The offensive’s stated aim is to destroy the militants’ rocket-launching infrastructure, Israel said, indicating it has no intention to reoccupy the Gaza Strip.

But at least 32 rockets were fired at Israel yesterday, one hitting a house in Sderot and wounding a woman.

The Israeli ground assault brings new risks and the prospect of many new casualties on both sides in a confrontation that had already cost the lives of more than 500 Palestinians and four Israelis.

Israeli officials said the offensive could last many days.

‘The government did everything before deciding to launch the operation. This is an unavoidable operation,’ Israeli Prime Minister Ehud Olmert said.

While the air offensive presented little risk for Israel’s army, sending in ground troops is much more dangerous. Hamas is believed to have some 20,000 gunmen and has had time to prepare.

‘There is a bigger strategic opportunity here to undermine Hamas,’ said analyst Mark Heller at the National Institute Of Strategic Studies in Tel Aviv.

‘It’s a gamble though, because, if the operation goes bad, or international intervention spurred by heart-rending pictures from Gaza forces Israel to cut the operation short without achieving its aims, it will boomerang and end up undermining Israel’s deterrent credibility.’

The fighting also holds significant political risks for Israeli leaders before national polls on Feb 10, especially if its forces take heavy casualties in street fighting.

Israeli tanks and troops virtually cut Gaza in half in a night-time advance on Saturday, and yesterday were ringing Gaza City, Palestinian witnesses said.

A foreign Red Crescent doctor in a Gaza hospital called the situation a nightmare. ‘Civilians are being killed…shells are severing people’s legs, shrapnel is going into people’s bodies and into people’s homes. Everyone is terrified,’ she said.

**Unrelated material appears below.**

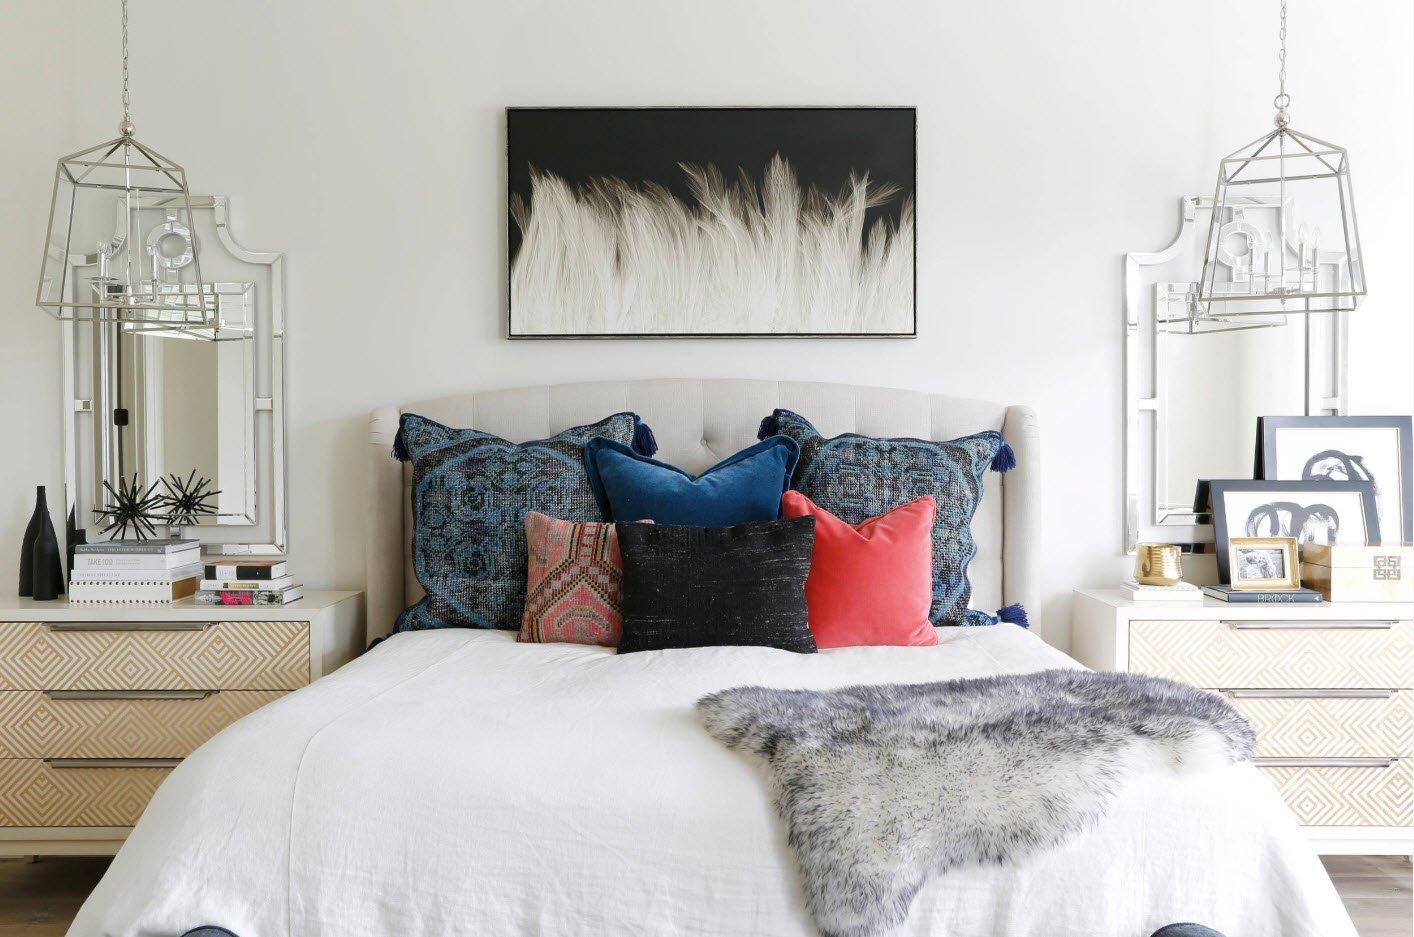 предметы декора и подушки

Calls for a ceasefire from the United States, Israel’s staunch backer, other foreign governments and the United Nations failed to gain traction over disagreements about its terms.

Israeli Defence Minister Ehud Barak said the ground push was to protect southern Israel from Hamas rocket attacks. ‘It won’t be easy. It won’t be short,’ said Mr Barak.

Hamas said Israeli troops faced death or capture. ‘The Zionist enemy must know his battle in Gaza is a losing one,’ said Hamas spokesman Abu Ubaida.

In Gaza City, streets remained deserted yesterday after frantic families fled as tanks rumbled into the area accompanied by Israeli infantry.

The plight of Palestinian civilians was growing more desperate as humanitarian agencies warned that water, food and medical supplies were running short.

Heavy civilian casualties are likely to increase international pressure on Israel to halt its biggest operation in the Gaza Strip in four decades.

A spokesman for Palestinian President Mahmoud Abbas condemned the Israeli attack as ‘a vicious aggression’.

The US said a ceasefire should take place as soon as possible but must guarantee an end to Hamas rocket strikes.

Former British premier Tony Blair, envoy for powers sponsoring Middle East peace talks, was to meet Mr Barak yesterday. France, whose President Nicolas Sarkozy is due in Jerusalem today, condemned the Israeli invasion and Hamas rocket fire.

Israel’s assault on Gaza also drew cries of alarm across Asia yesterday , with Pakistan, China and Singapore calling for it to end and angry Muslims in Indonesia urging war against the Jewish state.